I last covered Medical Properties Trust, Inc. (NYSE:MPW) back in November in an article titled: Don’t Get Cut Being Greedy When You Should Be Fearful. This was an obvious play on words referencing investors catching a falling knife in the form of MPW. For the record, I was once a shareholder in MPW, but sold out a while ago at a loss before they cut the dividend.

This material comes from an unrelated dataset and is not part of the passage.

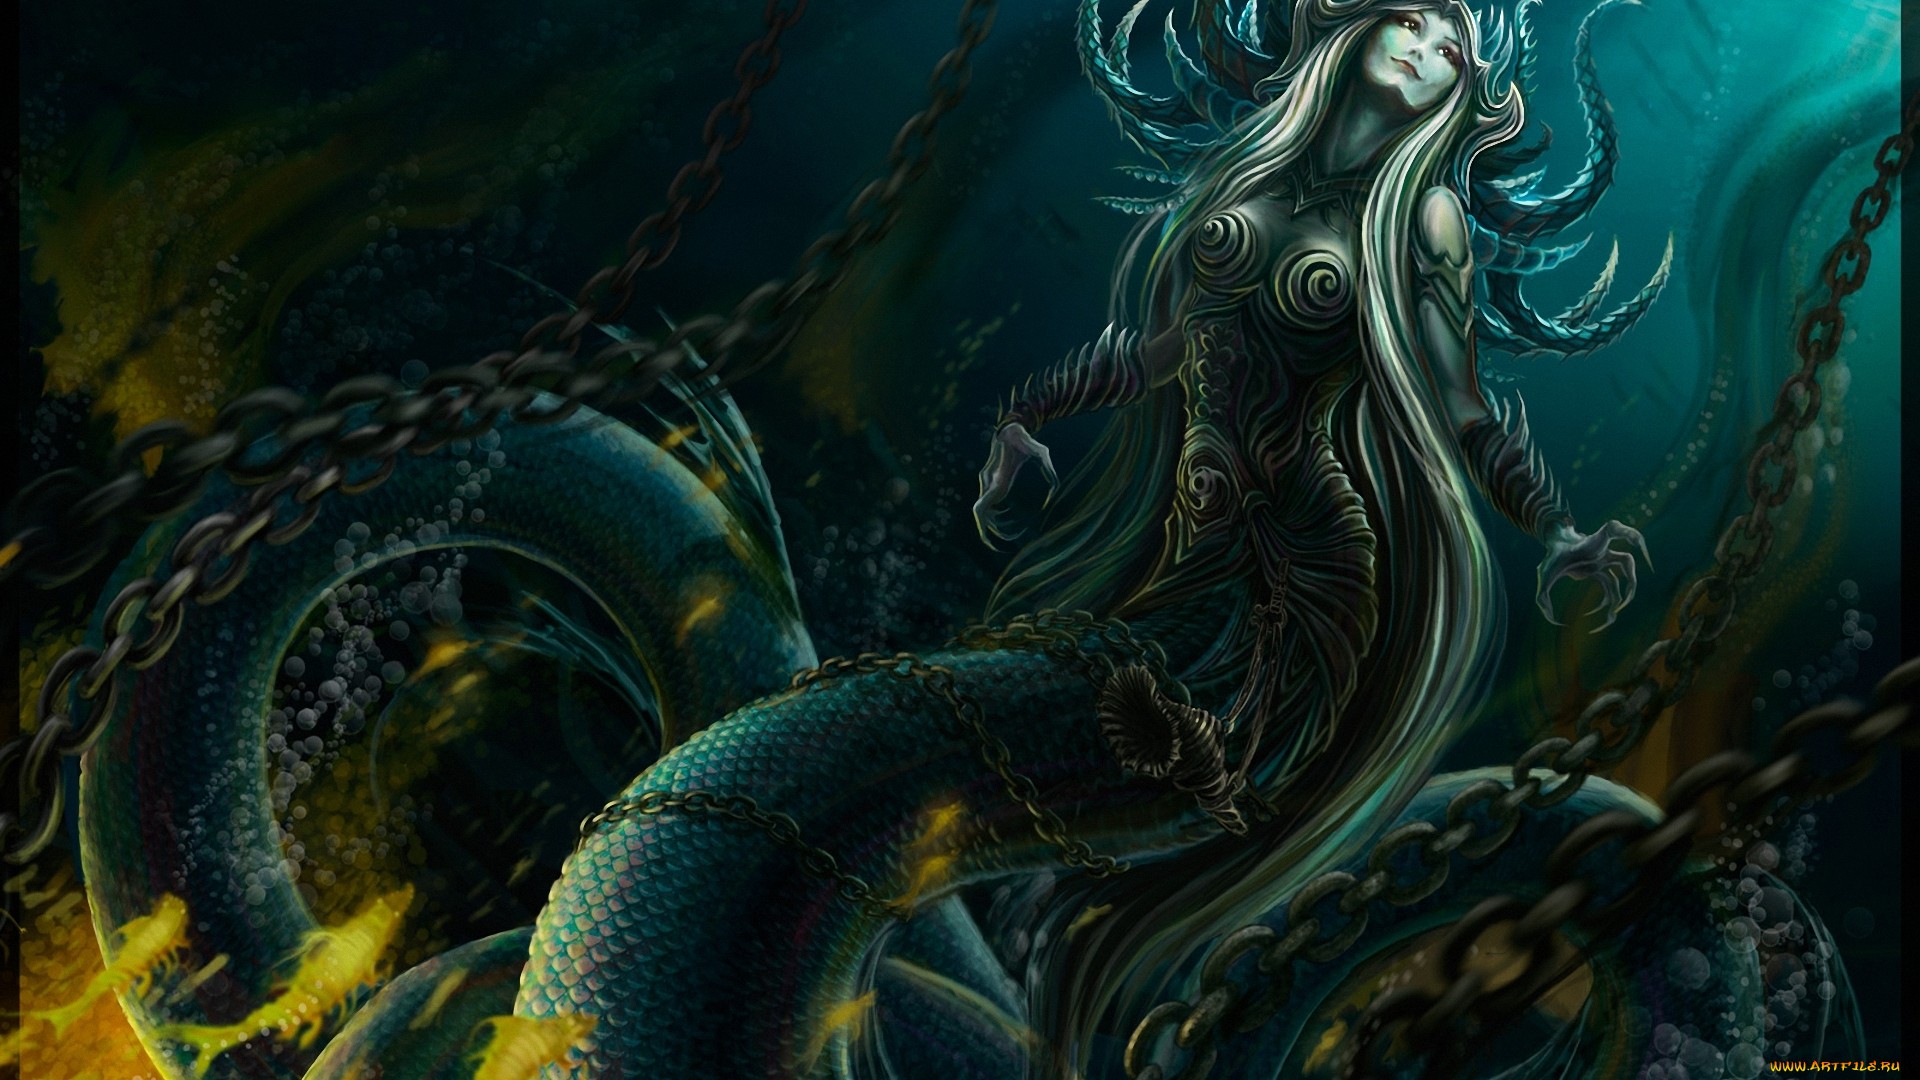 Fantasy Sea Monster Creature Creepy Dark Underwater 1080P wallpaper  hdwallpaper deskt  Sea monsters Monster hunter world wallpaper  Underwater wallpaper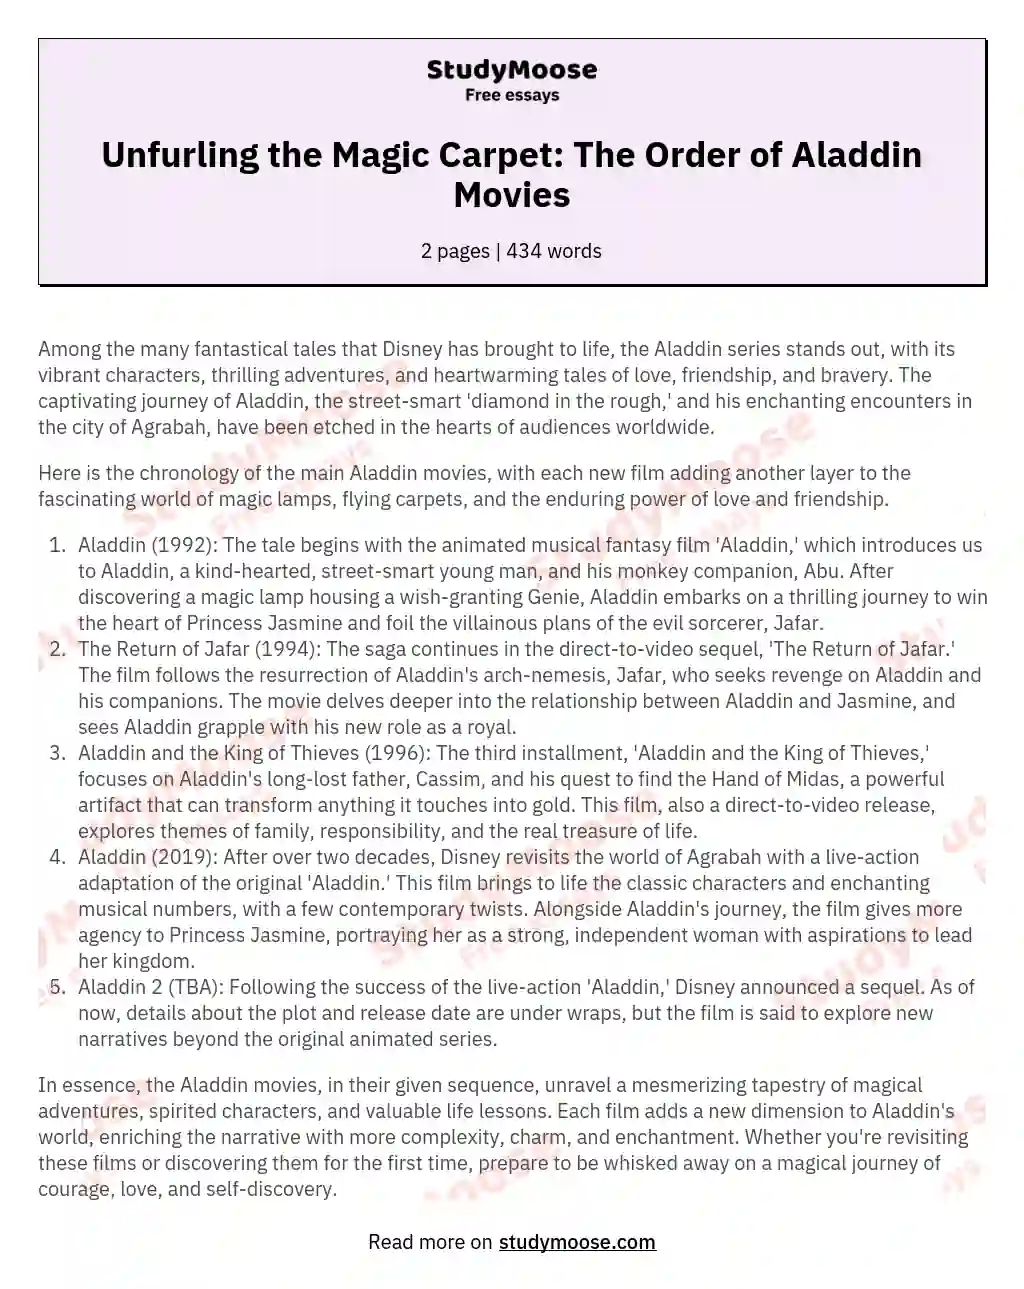 Unfurling the Magic Carpet: The Order of Aladdin Movies essay

I discussed the dividend cut of nearly 50% to free up liquidity during the third quarter. And while this did free up capital giving the REIT a then 49% payout ratio, the company has continued to face issues I’ll discuss later in the article. Additionally, the share price has declined further from nearly $5 to $4.25, where it currently trades at the time of writing. In this article, I discuss why I wouldn’t touch this REIT with a 10-foot pole and why investors shouldn’t either.

Brief Overview

For those new to Medical Properties Trust, MPW is a REIT that invests primarily in healthcare facilities throughout the world. At the end of 2023, they had 439 properties in 9 different countries across 50 tenants. Some of their tenants include Steward, their largest company, followed by Circle Health. Of note, 40% of their properties are located outside of the United States, with most located in Germany & Switzerland.

Dividend Elimination?

I just want to say I don’t short stocks. As previously mentioned, I was a shareholder in Medical Properties Trust. Due to their consistent tenant issues, I decided to sell the stock at a loss and invest the capital elsewhere.

One thing I’ve learned is to not become emotionally attached to a stock. That’s probably the biggest lesson the stock market has taught me. As an investor heavily weighted in the REIT sector (XLRE), I have a few favorites that provide me with stable and reliable income. Those like Agree Realty Corporation (ADC), NNN REIT, Inc. (NNN) and VICI Properties Inc. (VICI). But I also invest in them because of their dividend safety.

Both ADC & VICI had payout ratios of around 75%, while NNN had a payout ratio of roughly 69%, very safe for REITs. But if their financials became suppressed for too long, no matter how much I liked them, I’d cut my losses if their fundamentals started to change. I’d also pay attention to how their CEO plans to correct their declining fundamentals.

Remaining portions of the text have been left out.